I am a new learner and have been trying to make some easy phrases to learn, but was wondering if there is a translation for the word "the". I tried doing a search but couldn't find anything, but I could have used the wrong key words or something. Any help would be greatly appreciated.

~ Eywa ngahu.

Tìlu

Na'vi doesn't have the words for a, an, or the. It's typically just read into the sentence. Such as oel yolom mautiti - I ate a/the fruit.
Though you can use the affix - meaning this or tsa- meaning that to be more specific. :)

Mech

There is a number of human/real languages that don't possess an article. Latin is/was one of them.
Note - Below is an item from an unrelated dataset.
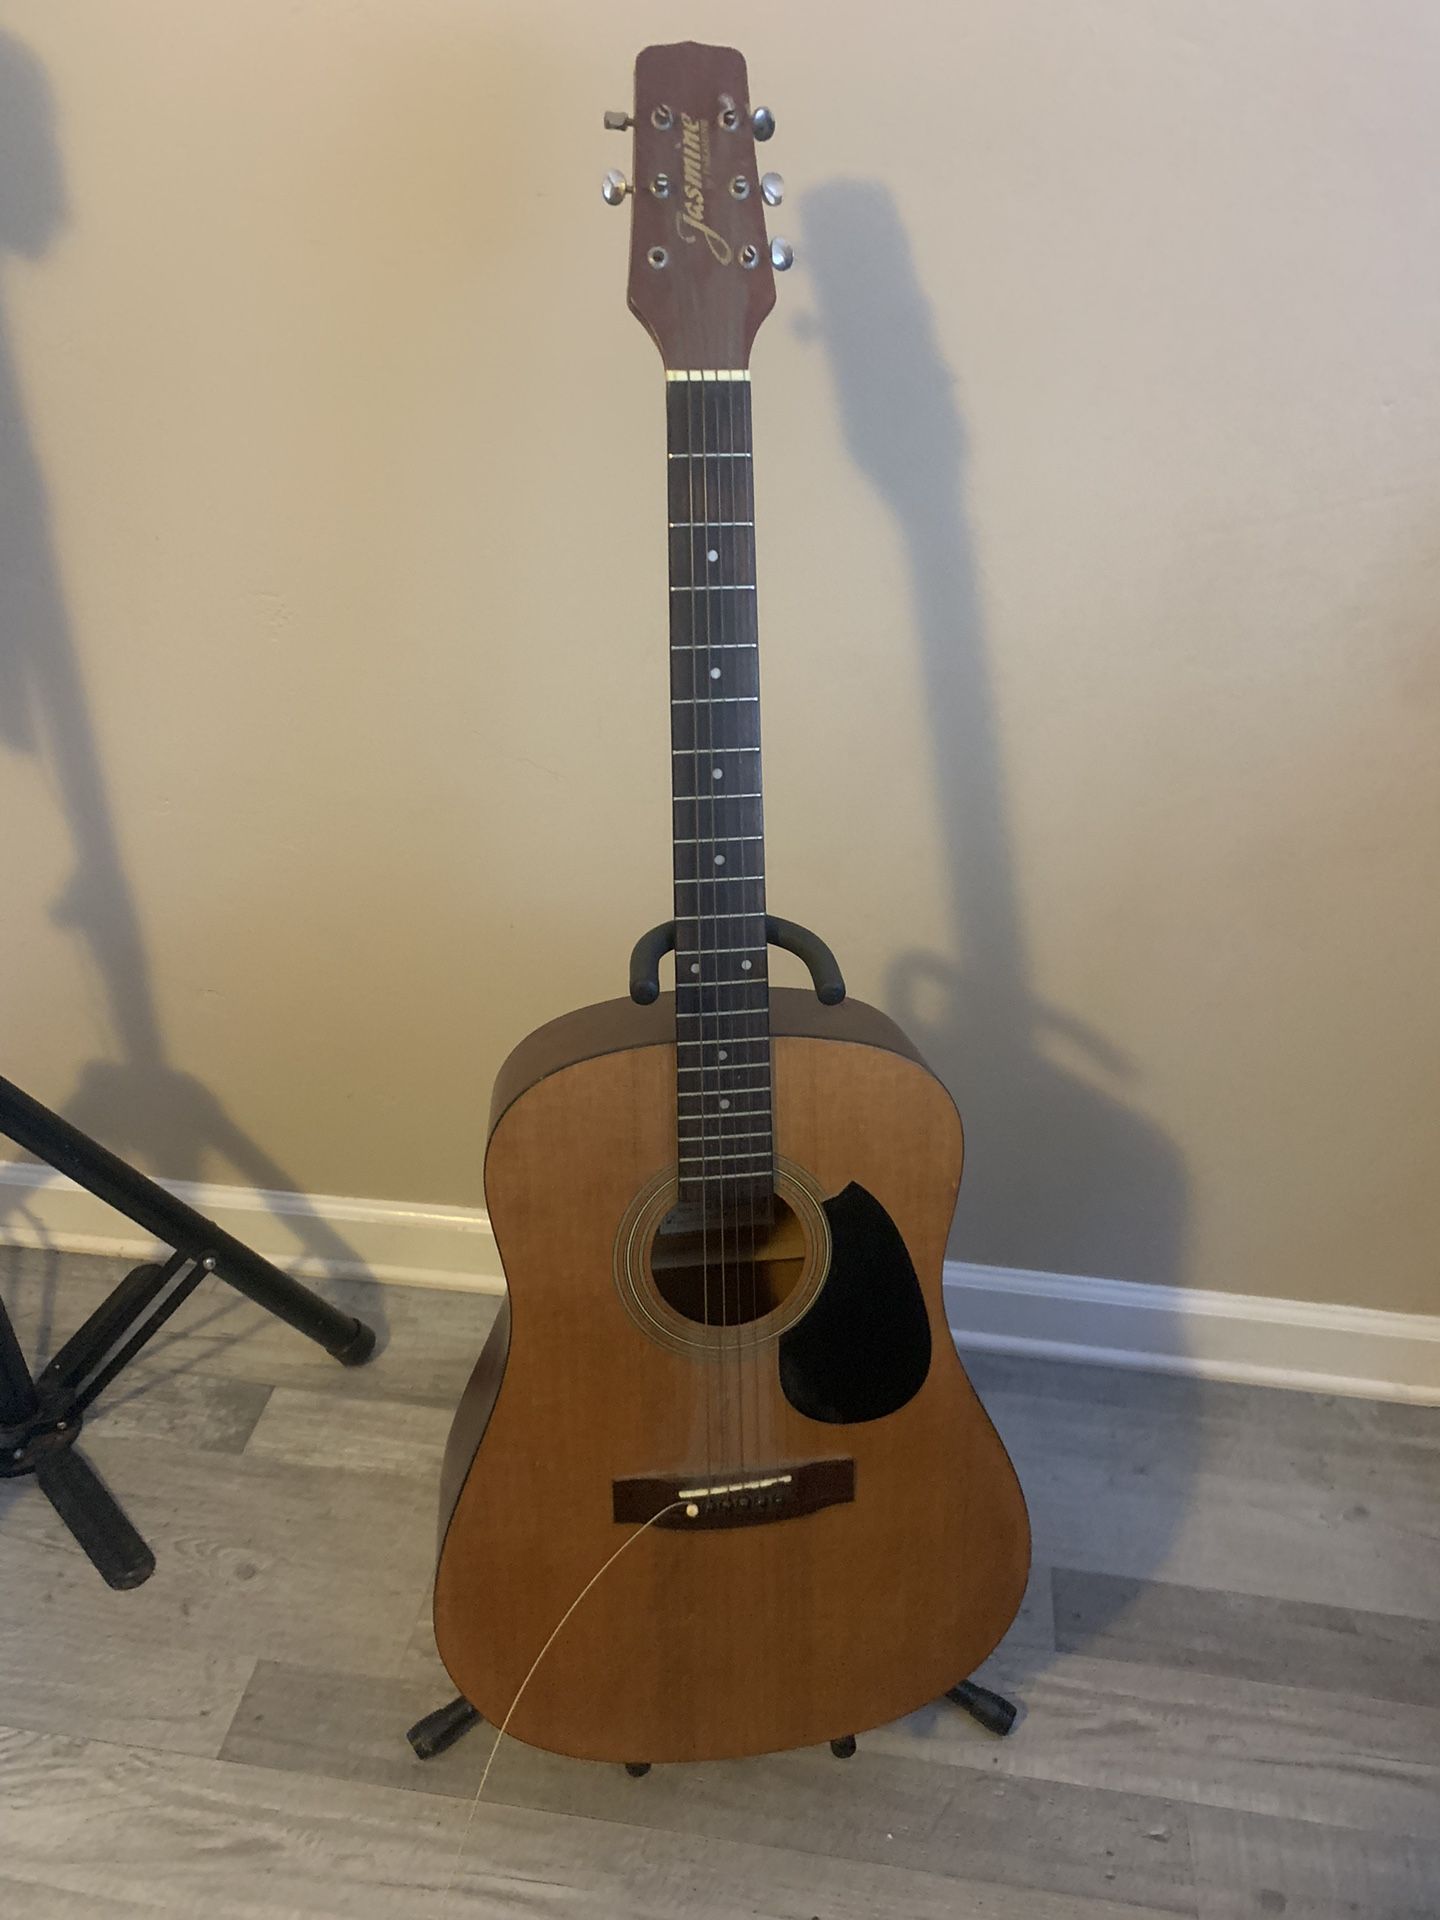 Guitar Missing Top Tuning Peg And String

Domus means either "a house" or "the house". Same is with Na'vi utral. There is some ambiguity but the language can survive it :)

The fi- is a solution, if you definitely need to define a word. In real life the definite articles have been produced from the word for "this". For example since Latin didn't have an article, people were saying "ille domus" (this house), and then ille became the articles il, el, le etc. in Italian, Spanish and French that today mean "the" and not "this".

But Na'vi is still a language without articles, and fi- always means "this" and not "the". Sometimes it can be too specific for "the". For example, if you ate "the fruit", you can't say "I ate this fruit" because there is no fruit to refer to.

Blue Elf

A/an in English marks indefinite thing/person/object. In Na'vi we use -o suffix for this, what could work in some cases, but mostly it translates like some, not a/an:
utralo - some tree, ketuwongo - some alien etc.
Oe lu skxawng skxakep. Slä oe nerume mi.